MobileRead Forums - View Single Post

cryzed · 11-23-2014, 10:31 AM

Only using one sounds like the better idea, since bs4 is mostly just an improved bs3. Whenever possible new adapters should definitely use bs4.

I agree that creating a "new-style" base class for adapters using bs4 might be a good idea, however I'm not sure why _you_ want to have different parent base classes, because of methods such as utf8FromSoup? Those should work with soup objects created by both versions hopefully, I don't think the BaseSiteAdapter's methods need to be adapted for that.

However if we actually go that way, it would be the ideal oppurtinity to smarten up some things: I would try to keep as much functionality as possible out of the BaseSiteAdapter class. Actually I'd argue that utf8FromSoup should be in the same module as stripHTML and various other utility functions. In my opinion, it should be primarily the subclasses' job to implement the logic to retrieve and parse the story's metadata and chapters. The BaseSiteAdapter should only have the most general functionality in it which is strictly necessary (e.g. caching, storing parsed metadata...). A case can be made for _fetchUrl to stay there under a new name possibly, since it automatically decodes the retrieved content based on the configuration for the adapter. (When I had started on my mentioned FFDL clone a short while ago, I was actually using the requests library that bundles chardet as a fallback option and did something quite similar, maybe this would be a good oppurtunity to add requests to the list of new modules?)

Regarding stripHTML, if you check here you will see that using regular expressions at all shouldn't be necessary. Simply joining over the strings or stripped_strings generator attribute, or using the get_text method should do exactly what you want, even decoding all HTML entities in the process.

I've never taken a closer look at html.py or geturls.py, so I'm not sure what they do exactly. It looks like the HtmlProcessor is in charge of cleaning and normalizing the returned HTML content, and I assume geturls.py is used internally for the get URLs dialogue. If there were never problems with them before, I don't see a real reason to change them -- Of course simply making them use bs4 instead of bs3 should work without any problems. However, regarding the geturls.py logic, I'm not quite sure what processing you do in there, it looks nearly like you are filtering the URLs? Why do you do that? Shouldn't it be simply possible to return all found anchor tags, absolutizing their URLs with urlparse.urljoin and then checking if any loaded adapter has a maching site URL pattern? That way you don't have to inspect them at all and can be sure to have only gotten valid story URLs.

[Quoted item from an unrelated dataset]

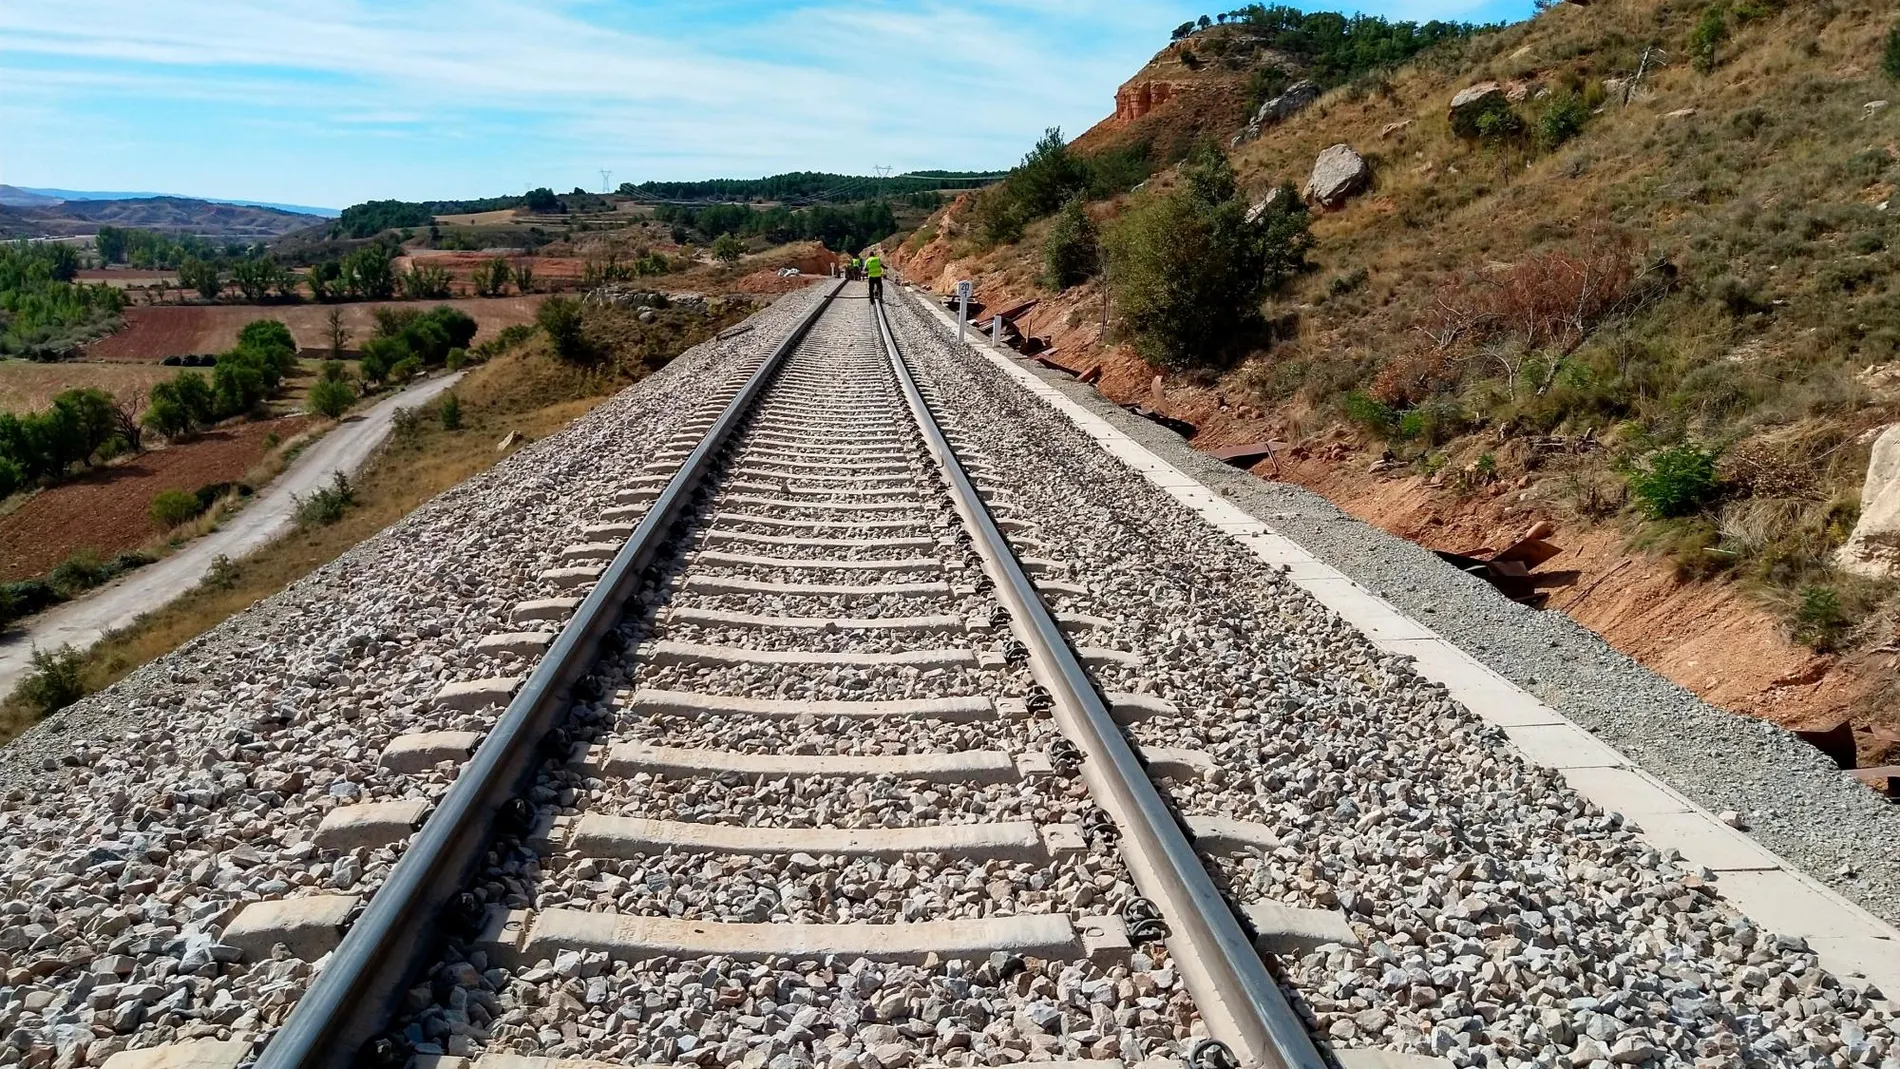 Desde hoy mismo se reanuda la circulación ferroviaria entre Valencia y Alicante, cuyas vías estaban afectadas tras el temporal

I would definitely suggest updating chardet, there is no reason not to do so, there shouldn't be any breaking of backwards-compatibility.

Regarding AO3, I assume you mean that when authors paste text into their stories containing HTML tags they are turned into text (i.e. HTML characters are "escaped" and turned into HTML entities)? This should definitely not be FFDL's responsibility to fix, this is AO3's task and/or the author's, we can't possibly check and account for all user errors -- at least in my opinion.

I would handle the last issue like you did: simply account for the differences. Turning &nbsp ([n]on-[b]reaking [sp]ace) HTML entities into their Unicode equivalent makes more sense anyways, and I'm sure that only very few sites will use these. Site adapters using bs4 will simply have to account for those differences, it's not like all old adapters using bs3 will suddenly get different Unicode output.

Let me know what you think and maybe detail the scale of changes you had planned in a bit more detail.

EDIT: Also regarding the insert_into_python_path function in downloader.py, I don't actually think that's strictly necessary as long as bs4 and html5lib are at the top-level in the directory structure, like they are currently; they'll be preferred by default.

EDIT2: I did some work on the branch, nothing major just fixed up downloader.py. I'm sure I have before, but I'll suggest it again: Do try the free PyCharm Community Edition, it's very helpful during development. Especially the "Find Usages" feature and jump to definition.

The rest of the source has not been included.